At £1.99, my duty to research, and to the charitable interests of Oxfam, probably required me to dig a couple of pound coins out of my pocket there and then. My excuse is as lame as the dance: I was in the shop because my younger daughter had decided on the spur of the moment to buy me a book of my choice (I plumped for Bill Bryson's A Short History of Nearly Everything in an attempt to compensate for all those hours wasted in science lessons), and ducked out of making any purchases of my own.
So I remain in ignorance of all there is to say on the subject.
Regulars at Salut! may know that I am not very fond of dancing at all. I get up, nobly overcoming natural resistance, and make the odd attempt at jiving or what my daughters have been heard to call "dad dancing". But I cannot pretend to enjoy it. It helps a lot if I like the music that is playing, but my tastes in pop are narrow and tend to be poorly catered for by many DJs.

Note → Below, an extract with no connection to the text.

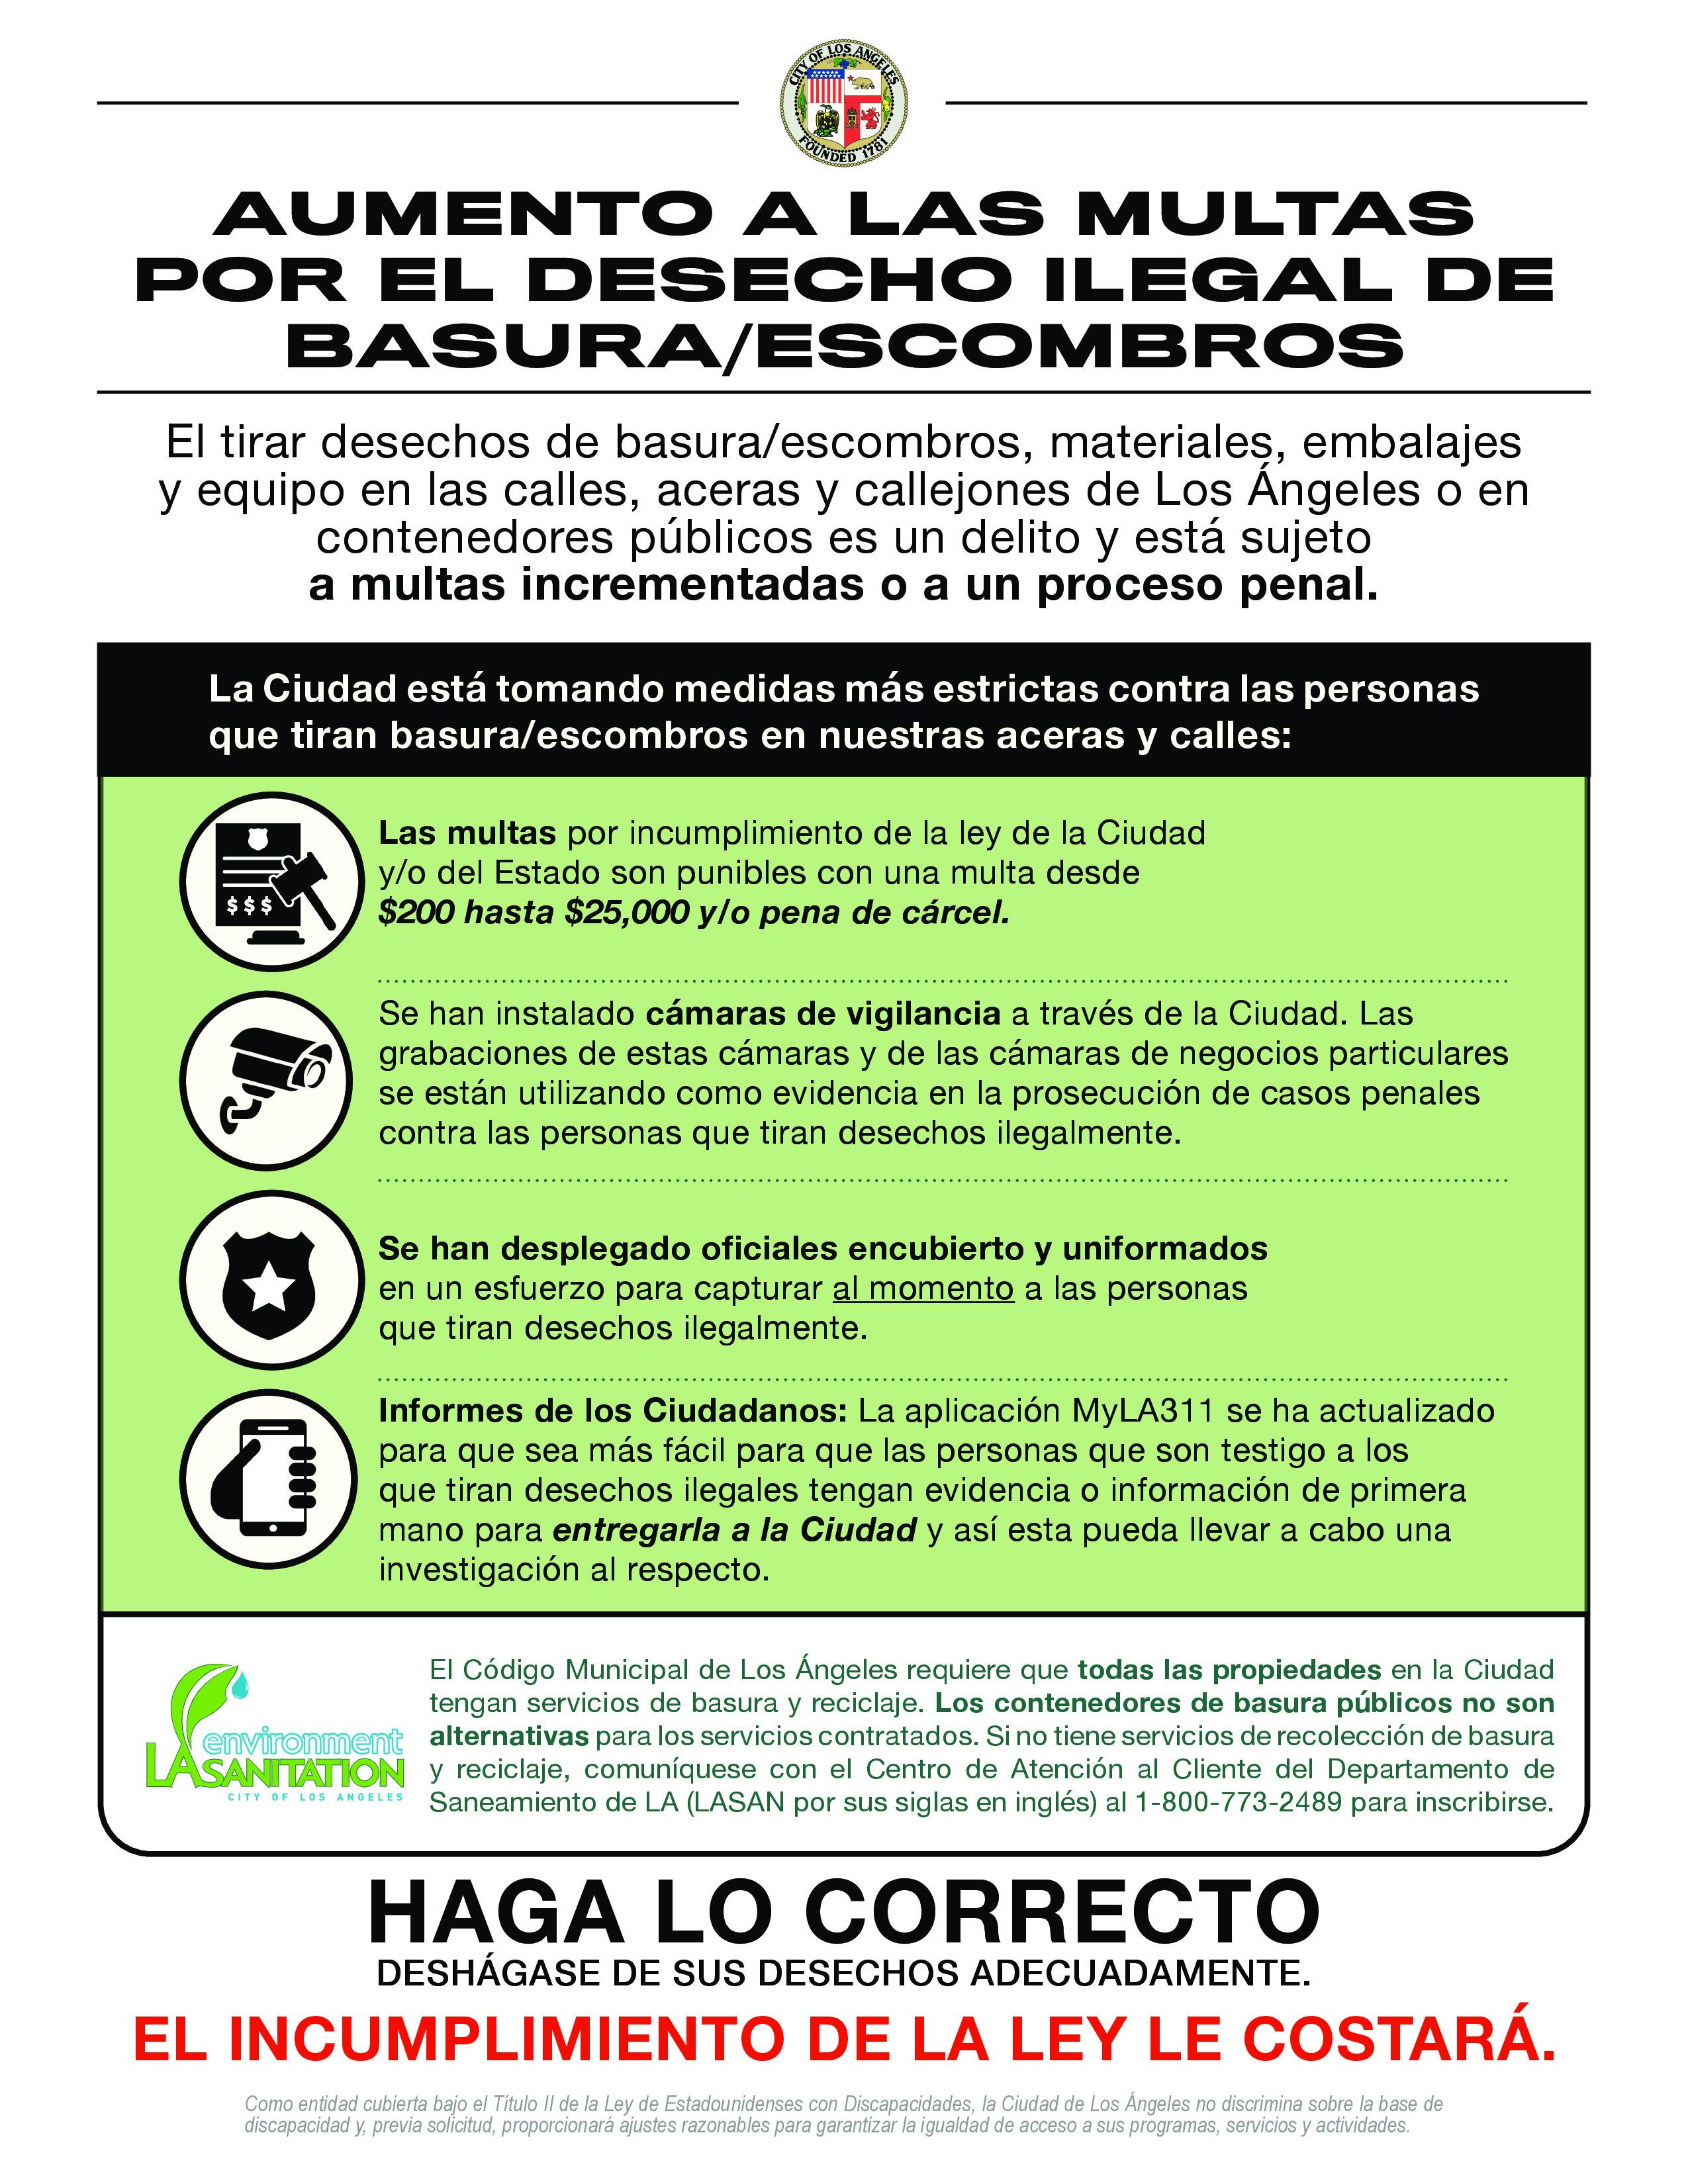 Illegal_Dumping_Flyer_V1_ENG_SPANISH-page-1.jpg

My first encounter with line dancing was getting on for 20 years ago at a Butlin's holiday camp in southern England where, for some reason, a folk festival was being held. Yes, I know that removes all legitimacy from my complaint, but I felt a pressing need to explain why I was there.
It was certainly not my intention to take in the Wild West festival that was being run simultaneously on the same site. Car workers from the Midlands, I was told, were prominent among the festival goers and all were decked out in their best cowboy (and cowgirl) gear.

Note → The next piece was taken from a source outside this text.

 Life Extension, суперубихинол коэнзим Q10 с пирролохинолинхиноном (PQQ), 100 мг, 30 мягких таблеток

None of the restaurants was hugely appealing, but the steak bar seemed harmless. Inside, the dining area was separated from a dance floor by a low panelled partition. I could therefore see all these Brummies, resplendent in their stetsons and studded leather outfits, arranged in lines and doing that silly little quarter-turn jump at the end of each sequence of steps.
And because I couldn't see their feet, the jump, preceded by some modest to-ing and fro-ing, was the only movement visible. It took considerable restraint to avoid laughing out loud (though I am not sure the British Leyland conveyor belt team would have suppressed their own chortles at the choruses of The Spanish Lady or Whiskey in the Jar).

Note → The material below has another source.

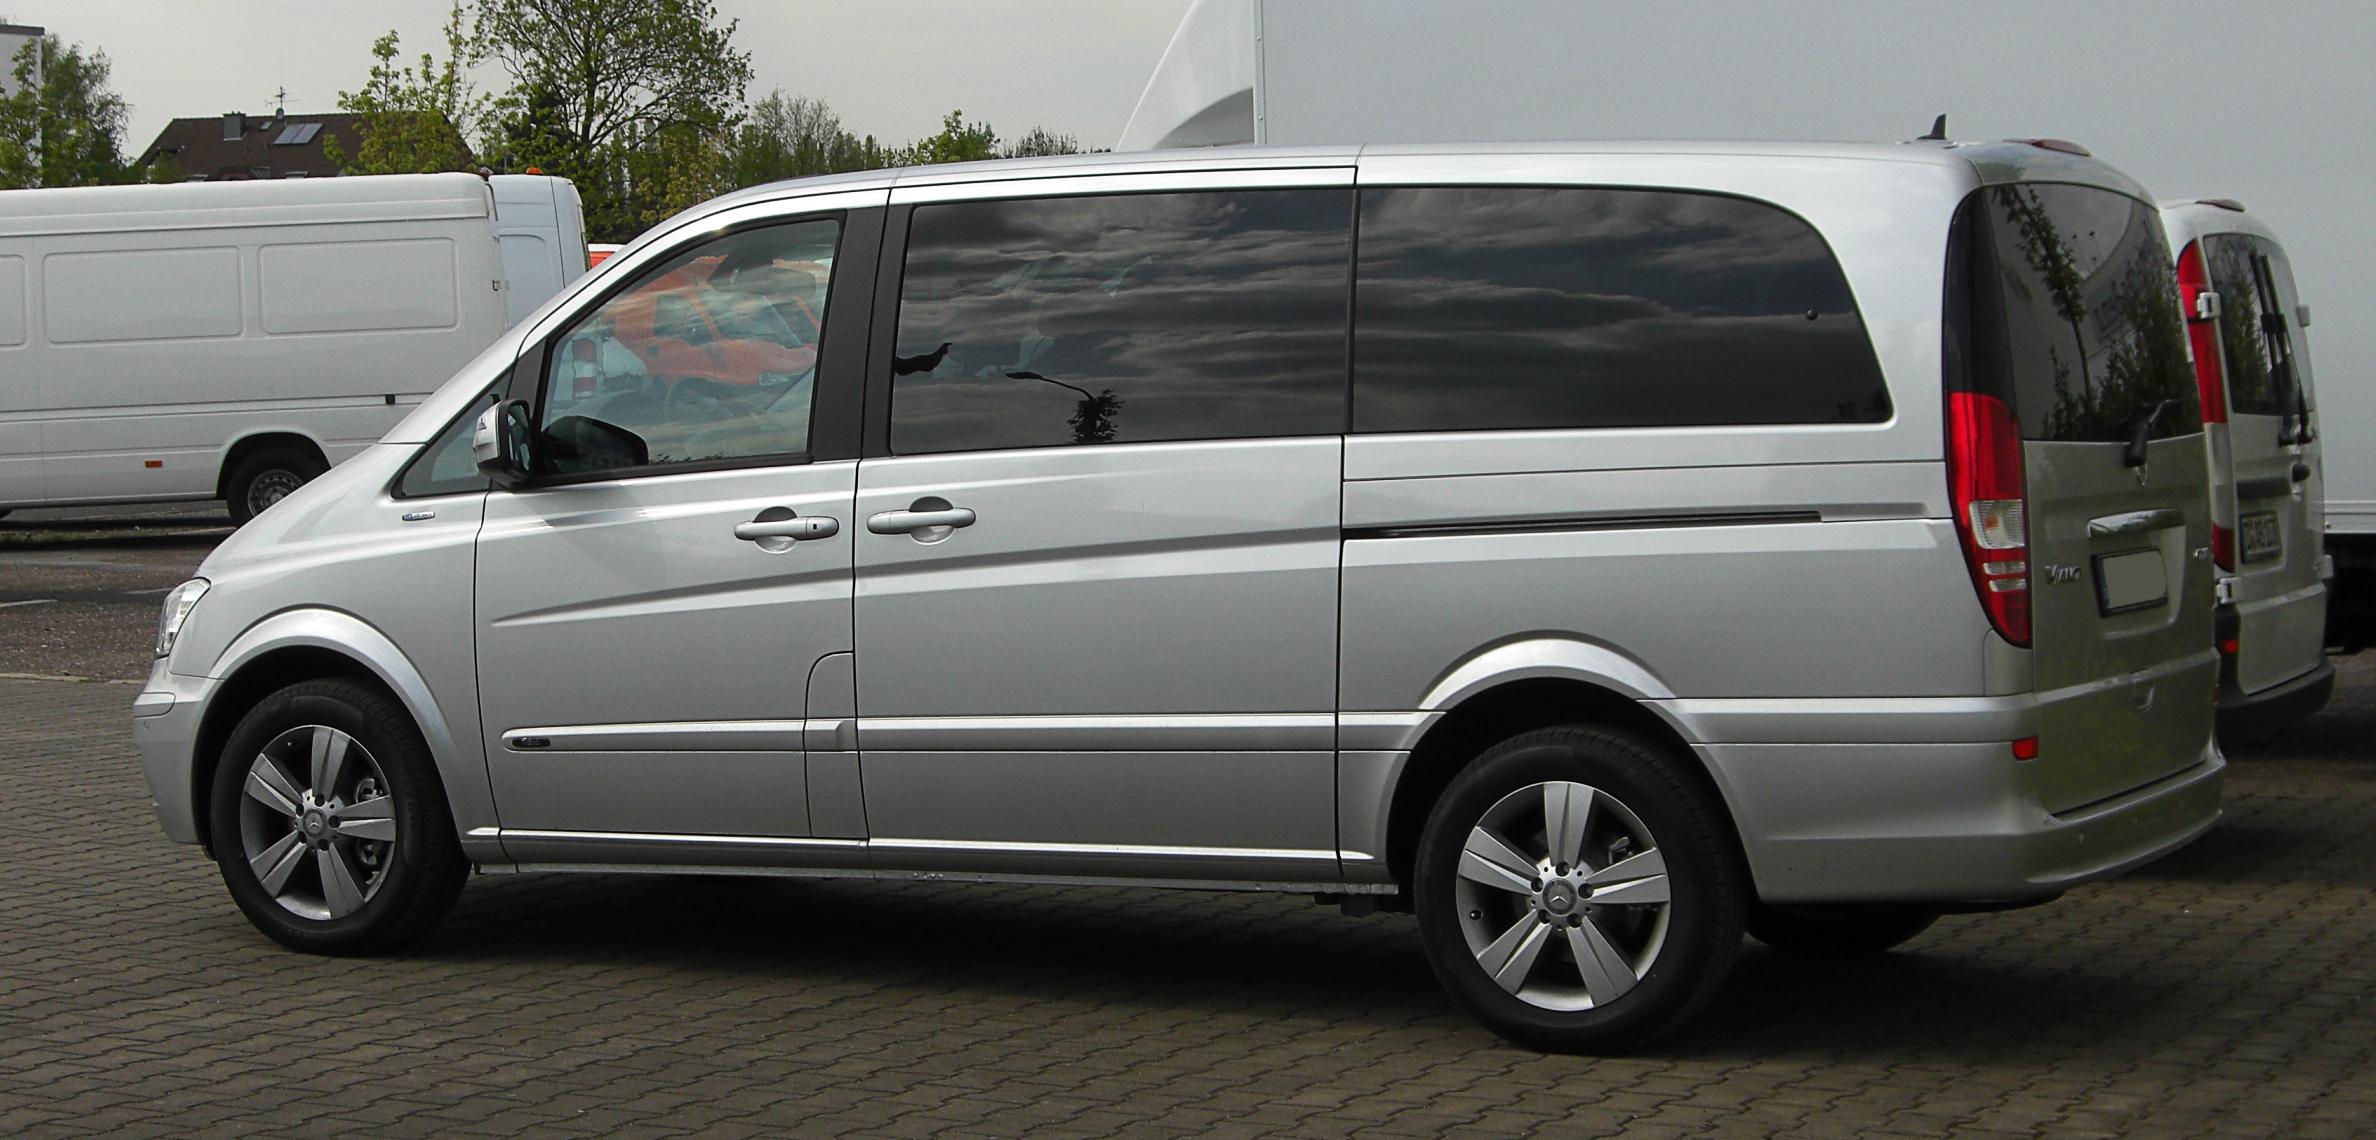 Mercedes-Benz_Viano_Lang_CDI_2.2_

In one bar on the seafront in Le Lavandou, the foot action is there for all to see. Here, and for all I know elsewhere, the dance is called Le Madison. And the sighs that greet each announcement by the sailor-suited DJ that he's about to play the Gigolo or Singing in the Rain, both considered suited to the dance, bear witness to its popularity. In fact, one English resident of France wrote recently that it was not until she joined Madison sessions in her village that she was able to make friends.
At another of the promenade bars, it is possible to switch off mentally from the entertainment and instead follow the televised sports - and believe me, this is true - of lorry-pulling and racing with heavy sacks of ice on the back.
With sailor boy, there is no such distraction, no such escape. But hang on a minute. I've just thought of a welcome side effect.
While I rise with as much enthusiasm as can be mustered for le rock 'n' roll, I have been allowed to maintain unchallenged the strongly asserted position that never in the time that remains to me on earth shall I be found taking part in line dancing, whatever name it goes by.
And since our singing mariner chooses tracks galore for aficionados of Le Madison, that leaves me plenty of opportunity to sit out the dancing without further explanation.